Other datatypes as default_factory:


In [14]:
d = defaultdict(int)
d["new key"]


Out[14]:
0

In [15]:
d = defaultdict(list)
d["new key"]


Out[15]:
[]

Converting an already existing dict:


In [16]:
d1 = {k: "value" for k in range(1, 11)}
d = defaultdict(float, d1) # convert it to a defaultdict
print(d[5])
print(d[100])


value
0.0

This doesn't work:


In [17]:
d = defaultdict(10)


---------------------------------------------------------------------------
TypeError                                 Traceback (most recent call last)
<ipython-input-17-89e9c9b71b5c> in <module>()
----> 1 d = defaultdict(10)

TypeError: first argument must be callable or None

Use a lambda to make the number 10 callable":


In [18]:
d = defaultdict(lambda: 10)
d["new key"]


Out[18]:
10

In [19]:
d = defaultdict(lambda: defaultdict(float))
d["new key"]


Out[19]:
defaultdict(float, {})

Clever use of a defaultdict can be the solution to the problem of data-storing in a smoothing $N$-gram pointed out above:

ngram = defaultdict(lambda: k/(N+kV), ngram)

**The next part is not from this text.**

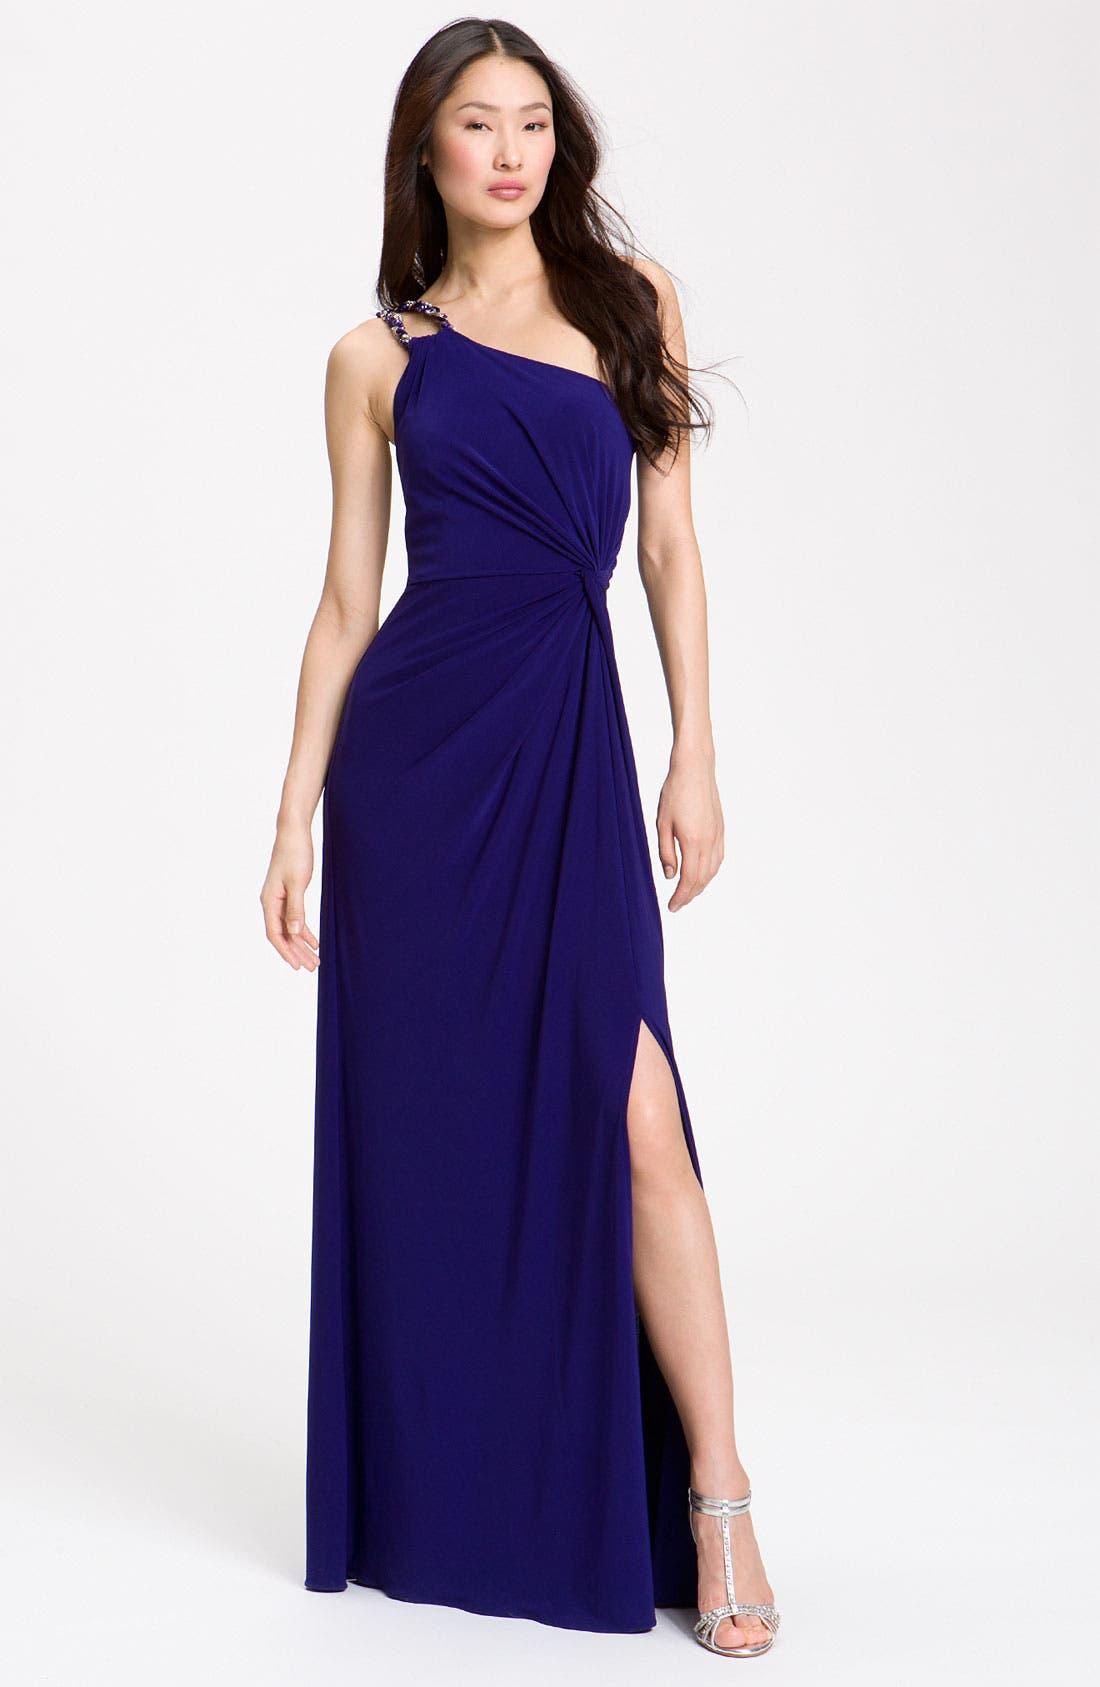 Alternate Image 1 Selected - JS Boutique Knotted One Shoulder Dress (Petite)
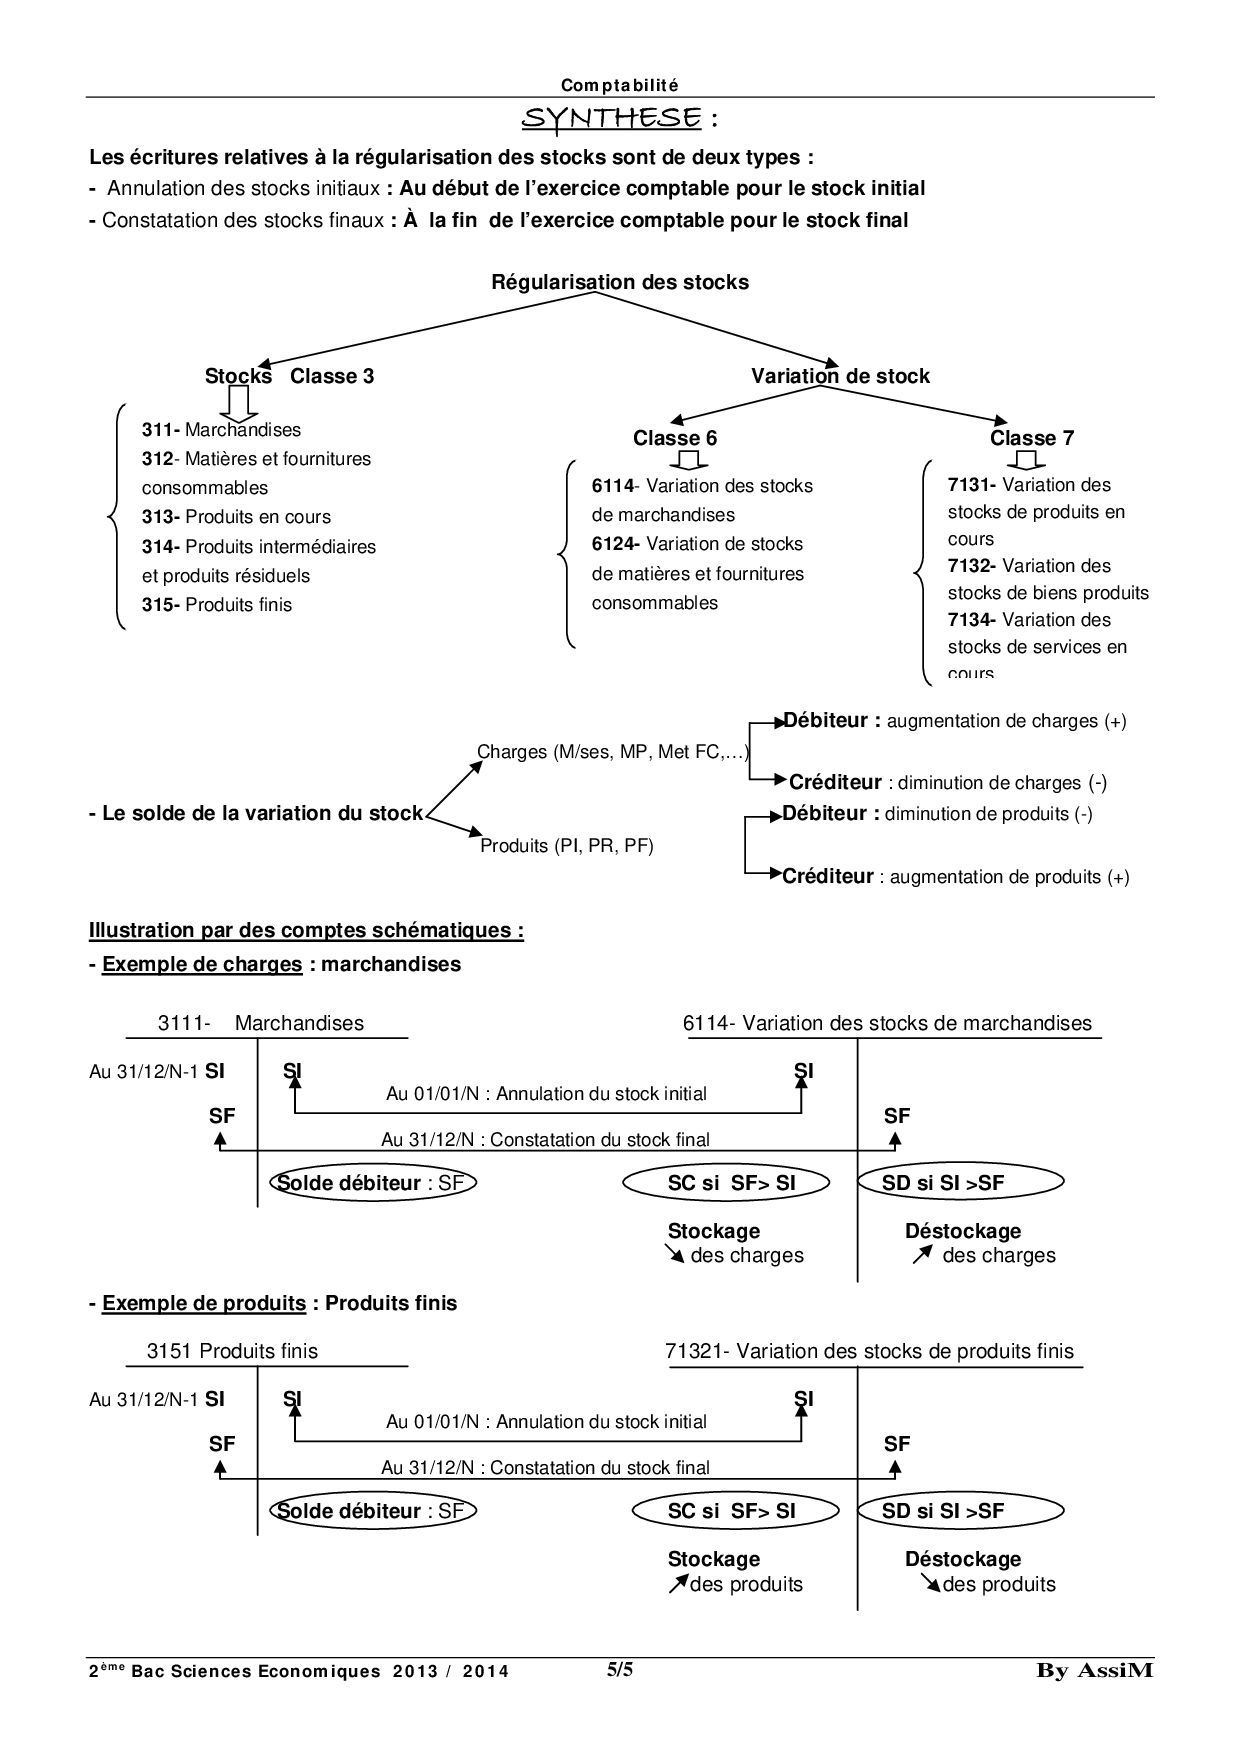 2 La Regularisation Des Stocks Alloschool Mathematiques Financieres Regularisation Exercice Comptable

The following function is given:


In [22]:
train_file = "ted-train.txt"

def read(fname, max_lines=np.inf):
    """
    Reads in the data in fname and returns it as
    one long list of words. Also returns a vocabulary in
    the form of a word2index and index2word dictionary.
    """
    data = []
    # w2i will automatically keep a counter to asign to new words
    w2i = defaultdict(lambda: len(w2i))
    i2w = dict()
    start = "<s>"
    end = "</s>"
    
    with open(fname, "r") as fh:
        for k, line in enumerate(fh):
            if k > max_lines:
                break
            words = line.strip().split()
            # assign an index to each word
            for w in words:
                i2w[w2i[w]] = w # trick
            
            sent = [start] + words + [end]
            data.append(sent)

    return data, w2i, i2w

In [23]:
def train_ngram(data, N, k=0):
    """
    Trains an n-gram language model with optional add-k smoothing
    and additionaly returns the unigram model
    
    :param data: text-data as returned by read
    :param N: (N>1) the order of the ngram e.g. N=2 gives a bigram
    :param k: optional add-k smoothing
    :returns: ngram and unigram
    """
    ngram = defaultdict(Counter) # ngram[history][word] = #(history,word)
    unpacked_data = [word for sent in data for word in sent]
    unigram = defaultdict(float, Counter(unpacked_data)) # default prob is 0.0           

    ## YOUR CODE HERE ##
    
    return ngram, unigram

data, w2i, i2w = read(train_file)
# bigram, unigram = train_ngram(data, N=2, k=0)
# bigram_smoothed, unigram_smoothed = train_ngram(data, N=2, k=1)

In [24]:
data[2]


Out[24]:
['<s>',
 'Both',
 'are',
 'necessary',
 ',',
 'but',
 'it',
 'can',
 'be',
 'too',
 'much',
 'of',
 'a',
 'good',
 'thing',
 '.',
 '</s>']

Exercise 2.2 (5 points)

You can use an N-gram language model to generate text. The higher the order N the better your model will be able to catch the long-range dependecies that occur in actual sentences and the better your changes are at generating sensible text. But beware: sparsity of language data will quickly cause your model to reproduce entire lines from your training data; in such cases only one $w_k$ was observed for the histories $w_{k-N+1}\dots w_{k-1}$ in the entire training-set.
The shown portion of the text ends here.